2. Your lack of humility demonstrates a fundamental disrespect for your fellow performers. When you complain that the judges were ineffective or wrong, you denigrate the rest of the storytellers competing in a slam and imply that the winner was undeserving. When you argue that the producer of a show should've cast you, you disrespect the storytellers who were chosen instead of you.
There is nothing wrong with thinking that you should have won. There is nothing wrong with confiding with your closest friend that you should've been cast in the show. But announcing your perceived slight to the world demonstrates a fundamental lack of humility that only causes people to distance themselves from you and never want to work with you again.
3. Anyone who needs to compliment themselves repeatedly and publicly - absent of any irony or humor - possesses the thinnest of skins and will invariably be an unpleasant and difficult person to work with.
Here's a rule to teach my fifth graders that would serve many adults in this world (including our President-elect) well:
Compliment others. Allow others to compliment you.
It sounds like common sense, but for many, it is almost impossible.
My agent once told me that she would turn down a project from a writer if she felt that the person would be difficult to work with, even if she knew the project would be profitable. I thought she was a little nuts at the time, but now I understand completely.
Give me an inexperienced, hard working, receptive storyteller willing to accept feedback and looking to improve over any naturally gifted or experienced storyteller who can't stop blustering about his or her talent or what he or she deserves.

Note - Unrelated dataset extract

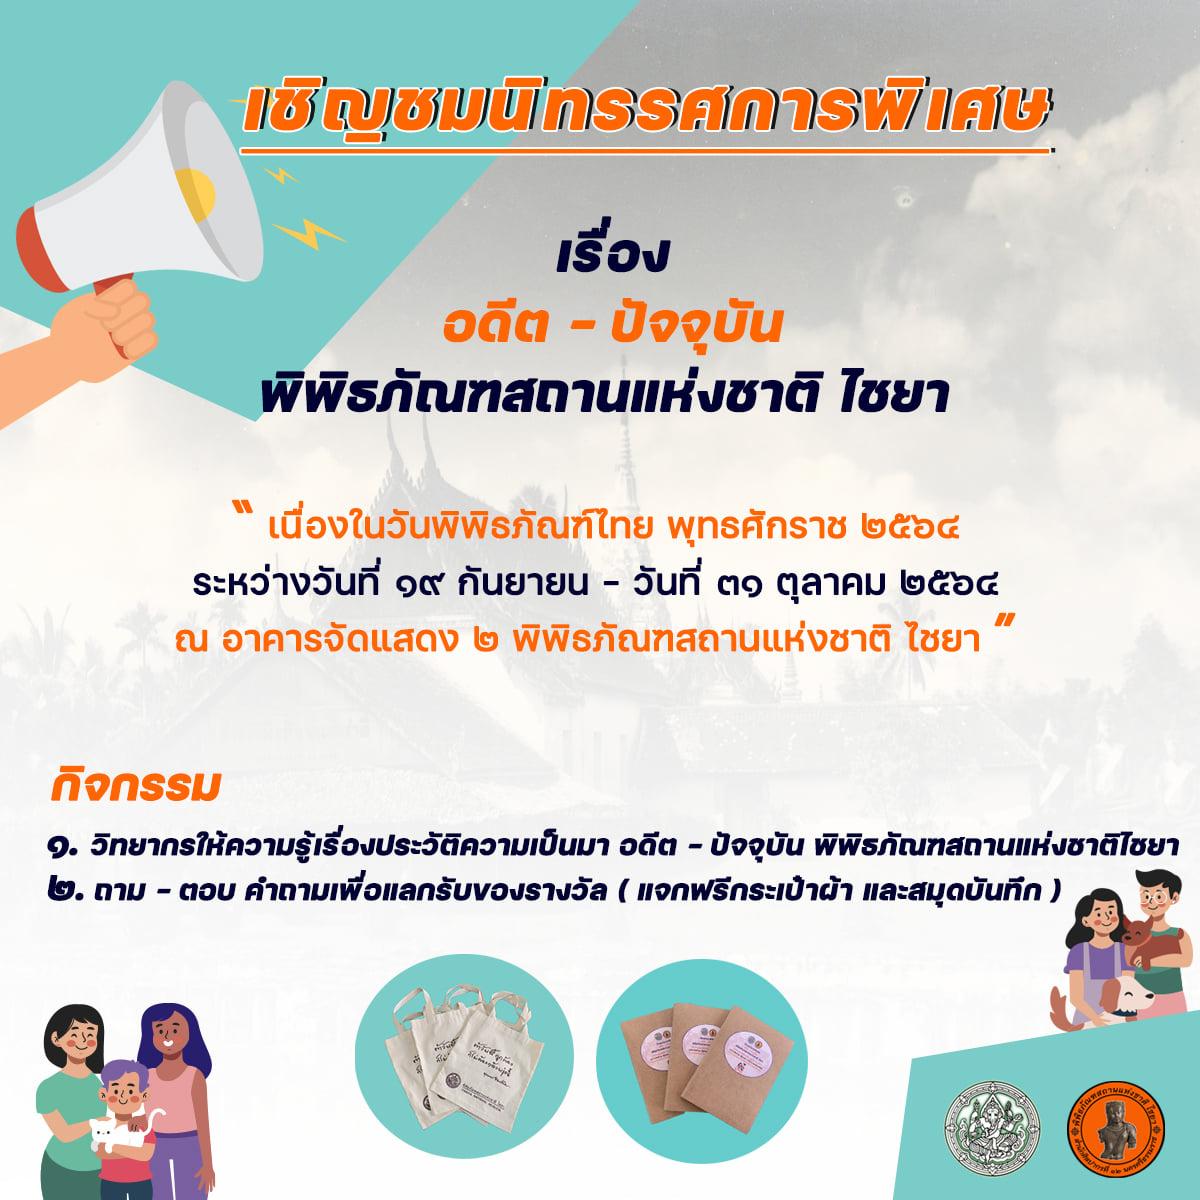 """ขอเชิญชมนิทรรศการพิเศษเนื่องในวันพิพิธภัณฑ์ไทย หัวข้อ """"อดีต - ปัจจุบัน พิพิธภัณฑสถานแห่งชาติ ไชยา"""""""

A perfect explanation of our President-elect's thin skin
Substitute "toilet paper" with "Donald Trump's skin" in this bit by Ellen DeGeneres and you will have a perfect description of the man's inability to accept feedback or criticism of any kind.
November 19, 2016
Shakespeare's words seem rather appropriate even today
The description of no one in particular seems incredibly apropos in this historical moment.

November 18, 2016
Pausing the action preserved my chest, my career, and my freedom
It turns out that I tend to be exceptionally calm and collected when under pressure. I'm not sure why this is the case. Perhaps my previous experience with pressure packed, life or death situations has inoculated me from panic.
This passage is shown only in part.